- Born: April 14, 1973 (age 53) Vancouver, British Columbia, Canada
- Education: Wesleyan University (BA), Columbia University (MFA)
- Occupation: Writer
- Writing career
- Notable works: Everything Ravaged, Everything Burned
- Notable awards: The Paris Review Plimpton (Discovery) Prize, two Pushcart Prizes

= Wells Tower =

American writer of short stories and non-fiction

Wells Tower (born April 14, 1973) is an American writer of short stories, non-fiction, feature films and television. In 2009 he published his first short story collection, Everything Ravaged, Everything Burned (Farrar, Straus and Giroux) to much critical acclaim. His short fiction has also been published in The New Yorker, The Paris Review, McSweeney's, Vice, Harper's Magazine, A Public Space, Fence and other periodicals. In 2022, he wrote the screenplay for the feature film Pain Hustlers, starring Emily Blunt and directed by David Yates.

==Early life, education, and early career==
Tower was born in Vancouver, British Columbia, but grew up in North Carolina. He played guitar in the punk band Hellbender for six years beginning his senior year of high school.

He received a B.A. in anthropology and sociology from Wesleyan University and an M.F.A. in fiction writing from Columbia University's School of the Arts. After graduating from Wesleyan, he traveled around the United States doing odd jobs. He began his professional career when he convinced an editor at The Washington Post Magazine to publish an article about a carnival worker.

Tower is the recipient of two Pushcart Prizes, the 2002 Plimpton (Discovery) Prize from The Paris Review, and a Henfield Foundation Award.

==Writing career==

Farrar, Straus and Giroux published Tower's first short story collection, Everything Ravaged, Everything Burned in 2009. The book was reviewed in the New York Times Book Review by Edmund White and in the New York Times by Michiko Kakutani. Kakutani picked it as one of her ten best books of 2009. It was also a finalist for The Story Prize. The short story from which the collection's title is taken is about a community of Vikings growing older.

In June 2010, Tower was named as one of The New Yorker magazine's "20 under 40" luminary fiction writers.

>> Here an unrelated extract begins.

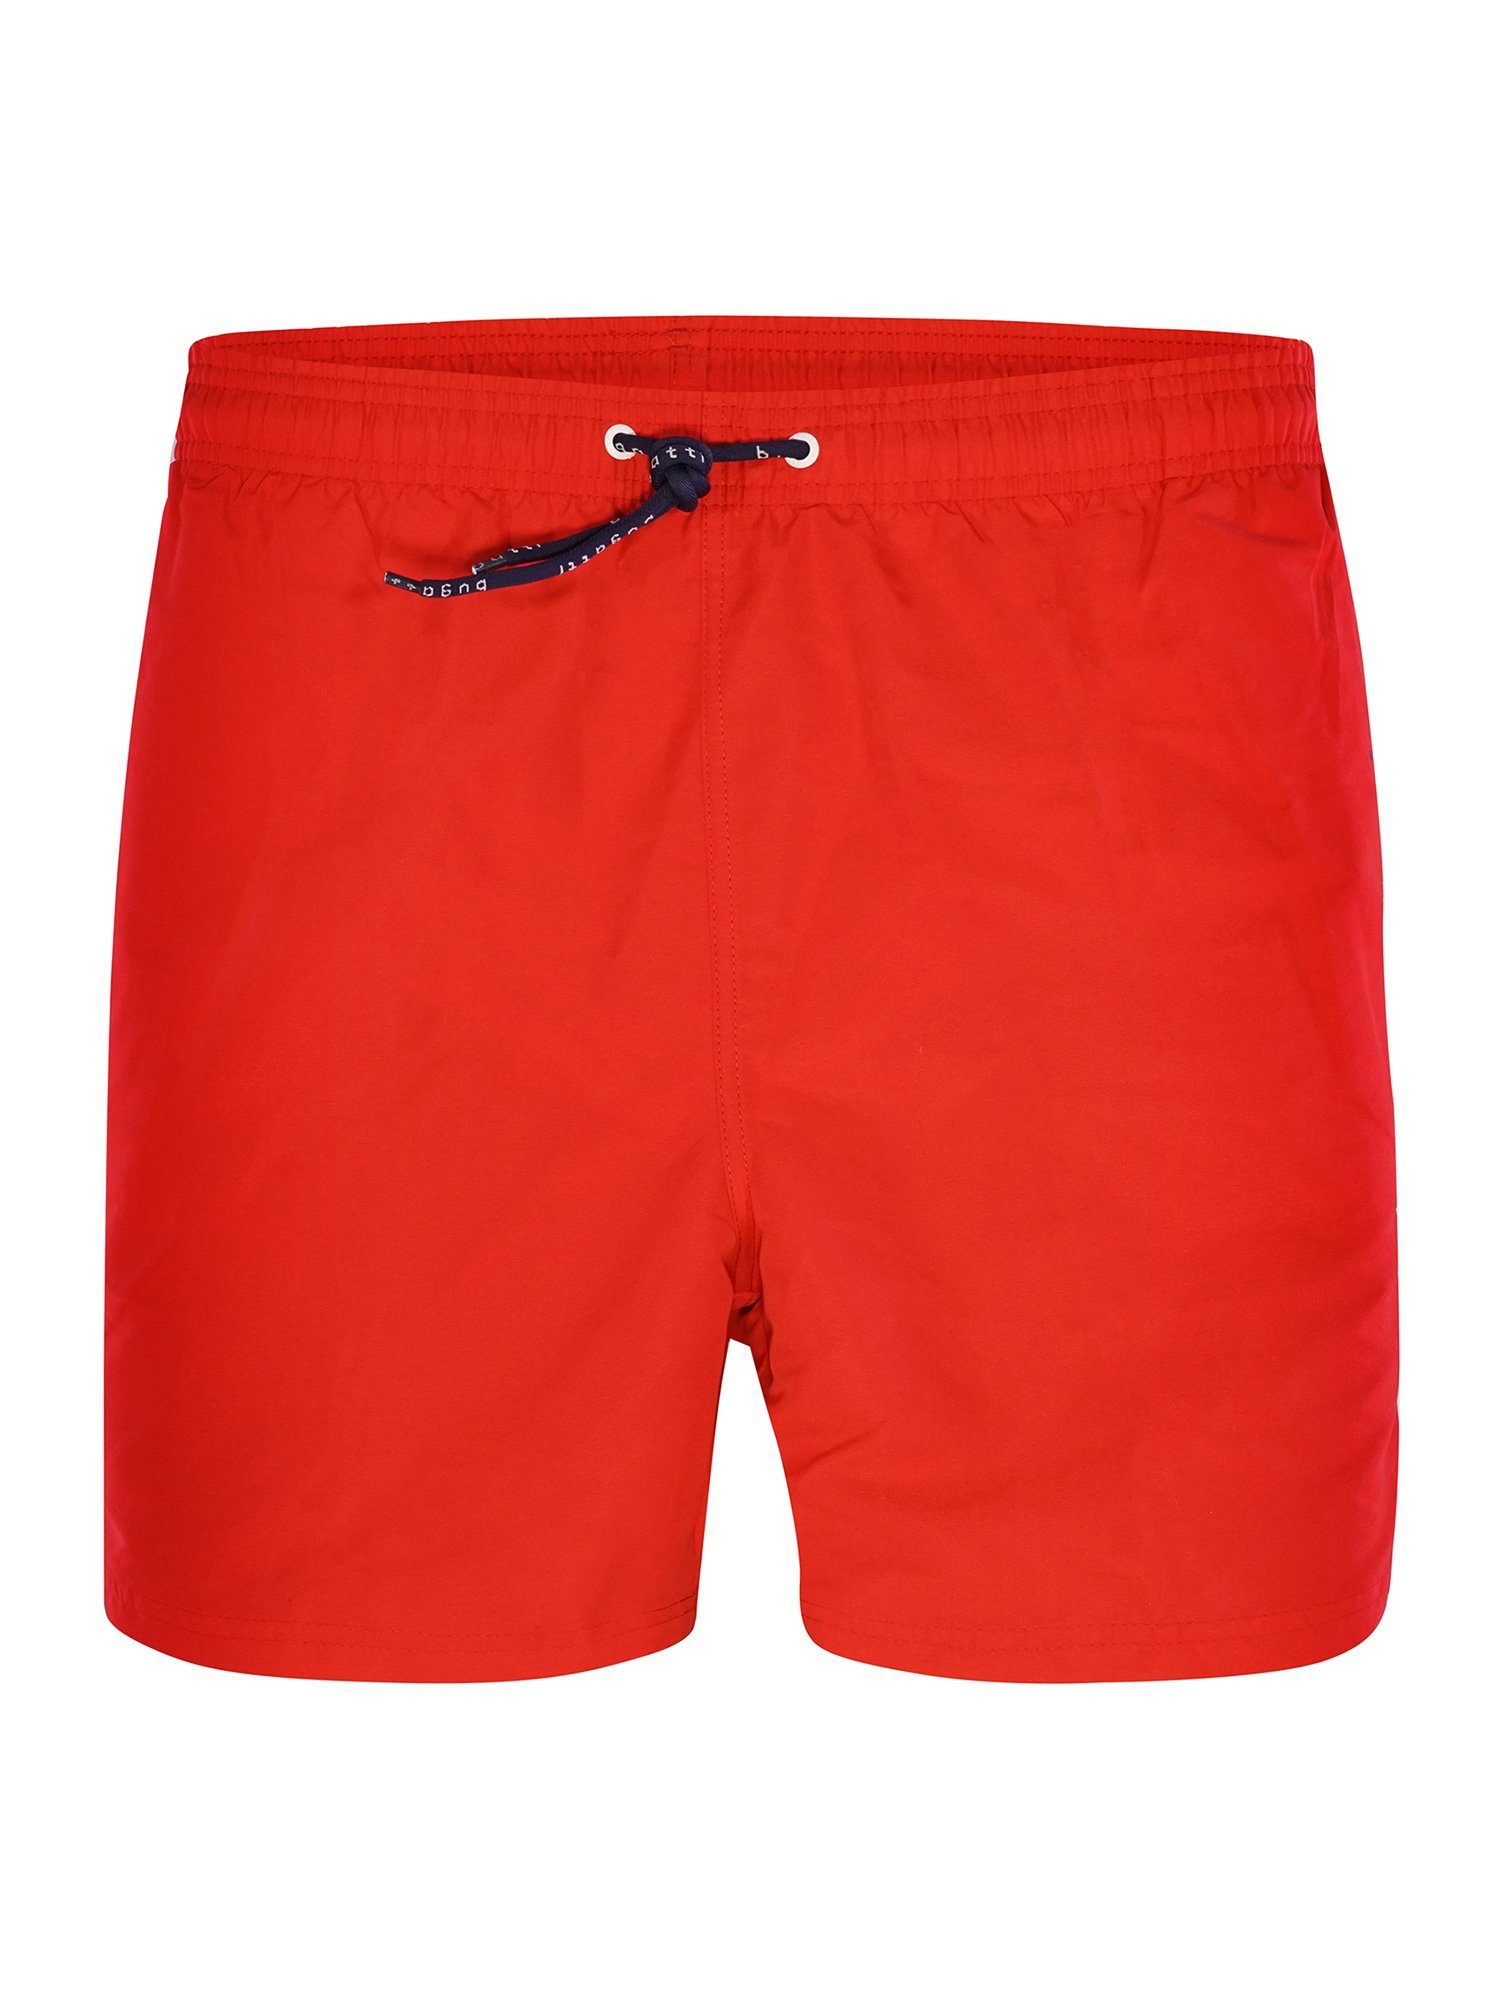 GENNO Badeshorts bugatti red-tomato Beachwear

On June 10, 2010, he was presented with the Tenth Annual New York Public Library's Young Lions Fiction Award, a $10,000 prize for an American writer under 40.

His work was selected for The Best American Short Stories 2010. Since 2010, his nonfiction reporting has been featured in The Best American Sports Writing three times, for "Own Goal" (2011), originally published in Harper's Magazine and a finalist for a National Magazine Award for Profile Writing; "Welcome to the Far East Conference" (2012), originally published in GQ; and "Who Wants to Shoot an Elephant?" (2015), also originally published in GQ.

In 2014, Tower was a finalist for two National Magazine Awards in Essays and Criticism for "The Old Man at Burning Man" and in Fiction for "The Dance Contest."

On May 22, 2022, Netflix paid $50 million for global rights to the conspiracy film Pain Hustlers, written by Tower, directed by David Yates, and starring Emily Blunt. Tower's original screenplay was inspired by Evan Hughes’ nonfiction book The Hard Sell, which was published January 2022. Metacritic, which uses a weighted average, assigned the film a score of 44 out of 100, based on 34 critics, indicating "mixed or average" reviews.

Tower’s unproduced screenwriting credits include The True American for director Kathryn Bigelow and Megan Ellison's Annapurna Pictures, and Framed for George Clooney's Smokehouse Productions and Netflix. His unproduced television writing credits include the dramatic series Paper for Brad Pitt's Plan B Entertainment and HBO, and the series Mayor for Alec Baldwin and HBO.

==Personal life==

As of 2009, Tower divides his time between Chapel Hill, North Carolina, and Brooklyn, New York.

== Bibliography ==
- "Who Wants to Shoot an Elephant?", GQ, October 2, 2017
- "No Amount of Traffic or Instagrammers or Drunks Can Take the Magic Out of (Semi-) Wilderness", Outside, June 7, 2016
- "The Old Man at Burning Man", GQ, August 31, 2015
- "The Great Paper Caper", GQ, November 1, 2014
- "From Wells Tower’s ‘The Dance Contest'", McSweeney's, Issue 44
- "The Elvis Impersonator, the Karate Instructor, a Fridge Full of Severed Heads, and the Plot 2 Kill the President", GQ, September 29, 2013
- "In Gold We Trust", GQ, January 6, 2012
- "Welcome to the Far East Conference", GQ, April 17, 2011
- "Moto", ESPN, March 2, 2011
- "Own Goal", Harper's Magazine, June 2010
- Everything Ravaged, Everything Burned: Stories, Farrar, Straus & Giroux, 2009
- "The Thing with Feathers", Outside, March 1, 2006
- "The Brown Coast," The Paris Review, Spring 2002 (No. 161)
- "Retreat," McSweeney's, Issue 30 (March 2009)
- "Executors of Important Energies", McSweeney's, Issue 14 (September 2004)
- "Down Through The Valley ", The Paris Review, September 2001 (No. 159)
- "Leopard", The New Yorker, November 10, 2008
- "Door In Your Eye", A Public Space, Winter 2008 (Issue 05)
- "Wild America", Vice, December 2, 2000
- "On the Show", Harper's Magazine, May 2007
- "Everything Ravaged, Everything Burned", Fence, Fall/Winter 2002 (Vol. 4, No. 2)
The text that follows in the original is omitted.